Senior author Darrell Irvine, professor of biological engineering at MIT, said these type of inhaled vaccines could potentially be used to prevent cancer from developing in the lungs.

He said: “In this paper, we specifically focused on T cell responses that would be useful against viruses or cancer, and our idea was to use this protein, albumin, as sort of a Trojan horse to get the vaccine across the mucosal barrier.

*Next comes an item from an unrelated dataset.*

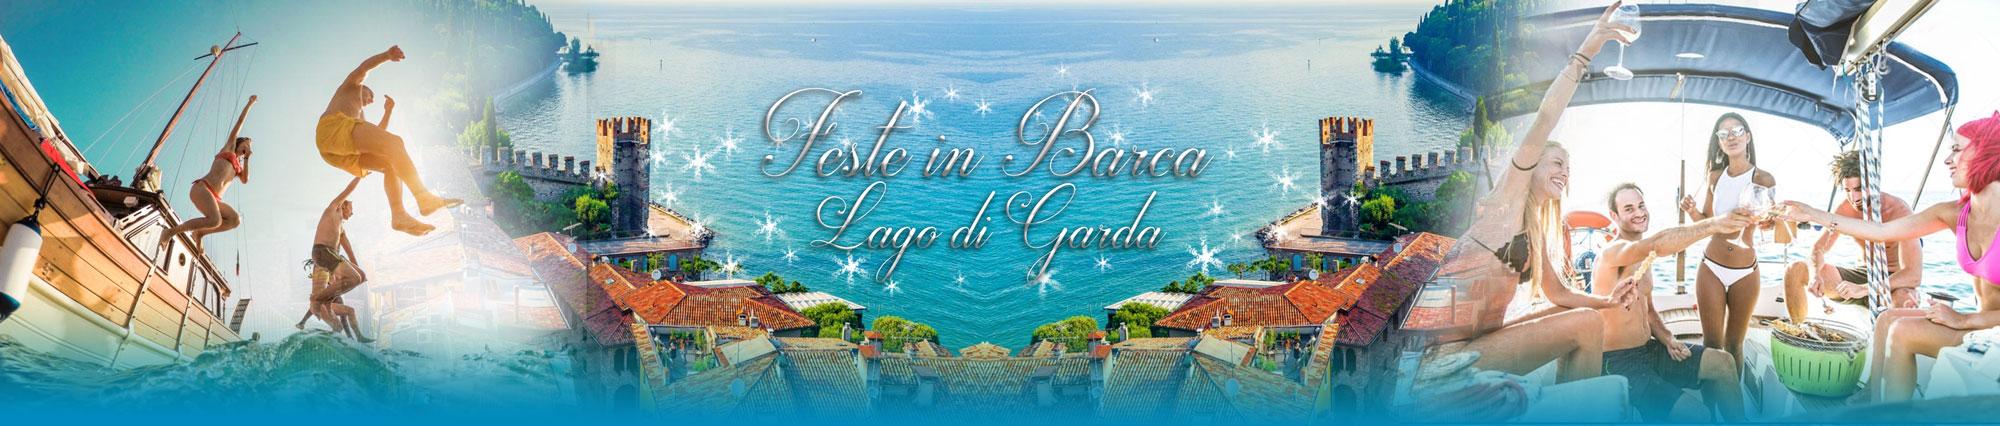 feste-in-barca-lago-di-garda

“In both the virus and the tumour experiments, we’re leveraging this idea that these memory T cells set up shop in the lungs and are waiting right there at the barrier.

“As soon as a tumour cell shows up, or as soon as a virus infects the target cell, the T cells can immediately clear it.”

Scientists in the UK are also assessing the possibility of creating vaccine sprays or tablets to replace jabs in the future.

In September researchers announced they were testing an inhaled version of the Oxford-AstraZeneca vaccine to determine whether it was safe and effective.

Professor Sarah Gilbert, who led the team which developed the vaccine, said that two injections by health professionals was “not a good way of delivering vaccines” on a large scale compared to tablets, patches or nasal sprays.

However, she told MPs that it would “take time to develop” these types of second-generation vaccines.